A recent Government Accountability Office report was pessimistic. Tax revenues for states and localities, it predicted, “will remain below the 2007 historical high through 2060 due to the projected modest growth in receipts.” It concluded that the declining fiscal conditions mean that state and local governments will “need to make substantial policy changes to avoid growing fiscal imbalances in the future.”

So what will those policy changes be? Not surprisingly, the different approaches in the states will reflect the schism in Congress. The red states are more likely to lower income and corporate taxes, cut spending and refuse to cooperate with Obamacare. The blue states already have raised taxes to close budget gaps and invest in education and infrastructure, as well as set up their own health-care exchanges.

A number of red states—Kansas, Louisiana and Nebraska, among them—are trying to cut or eliminate income taxes by increasing sales taxes, with the idea that the switch will attract investment and eventually pay for itself. The problem is that sales taxes are regressive, slower to revive from downturns, and no longer track consumption since they rarely cover services.

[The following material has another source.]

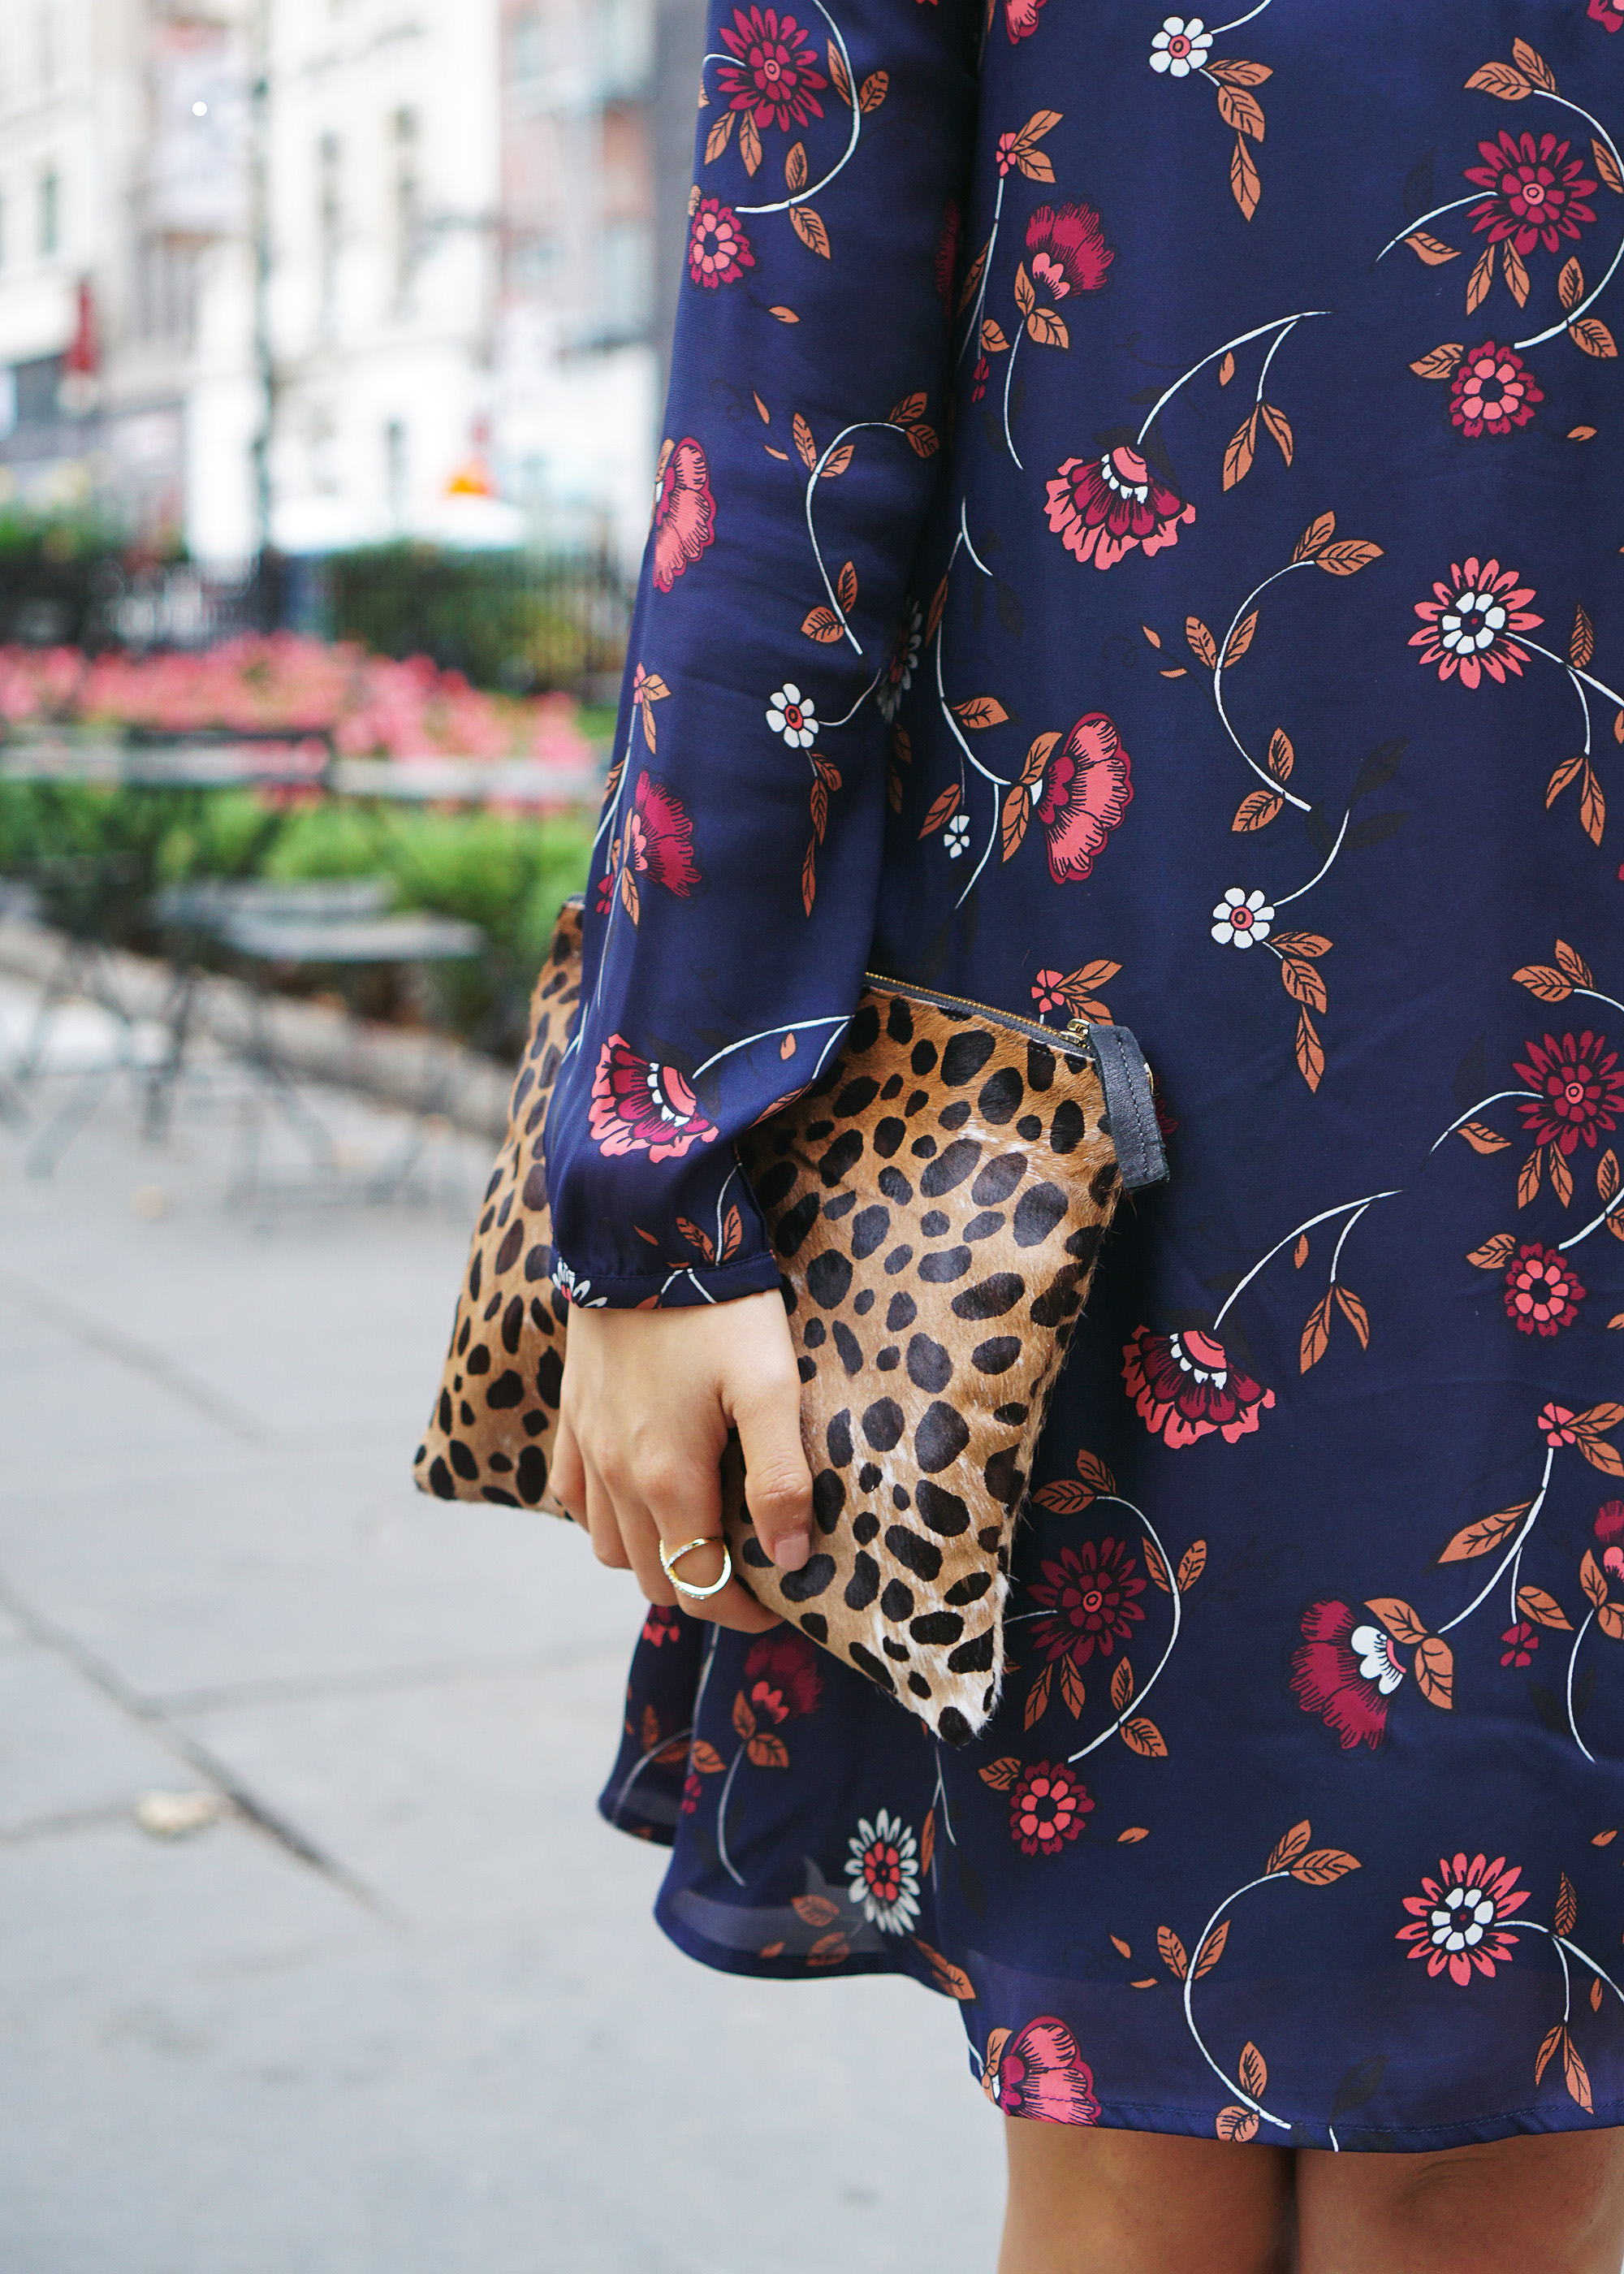 Skirt The Rules / Leopard & Floral Mixed Prints
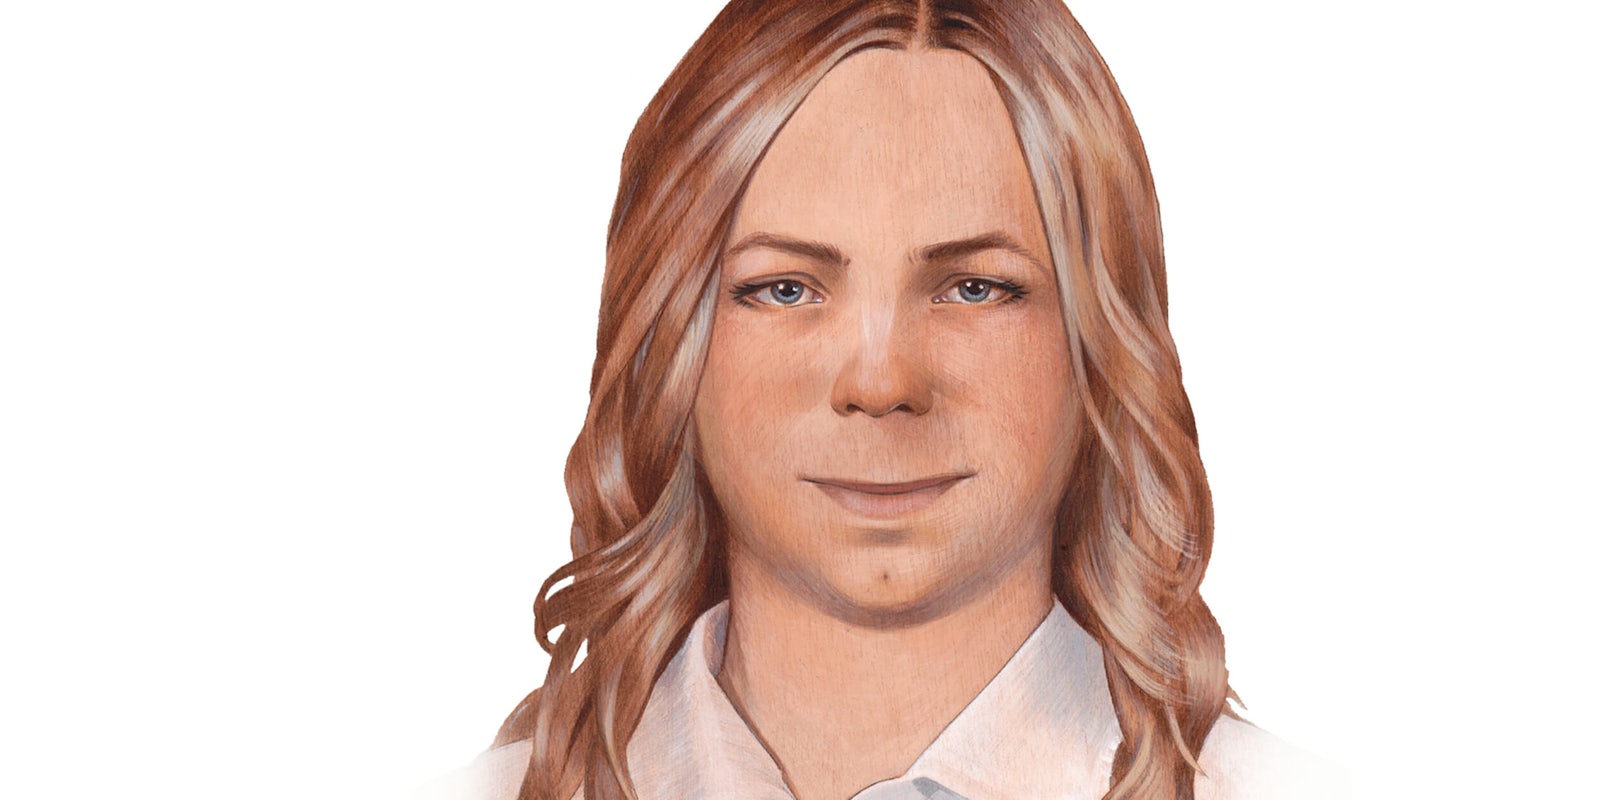 'How Chelsea Manning sees herself' painting

Judging from past experience, it is the tax cutters who bear the burden of proof. Most prominently, George W. Bush passed the largest tax cut in U.S. history in 2003, but his term in office proved to be one of the least economically successful of any president since World War II.

Still, we need to keep an open mind. Washington is hopelessly mired in the muck, but states are not. We now are experiencing the highest concentration of partisan power in states since the 1940s, with one party in charge in 43 states. So lots of experiments are in the works. We’ll have to see how they turn out.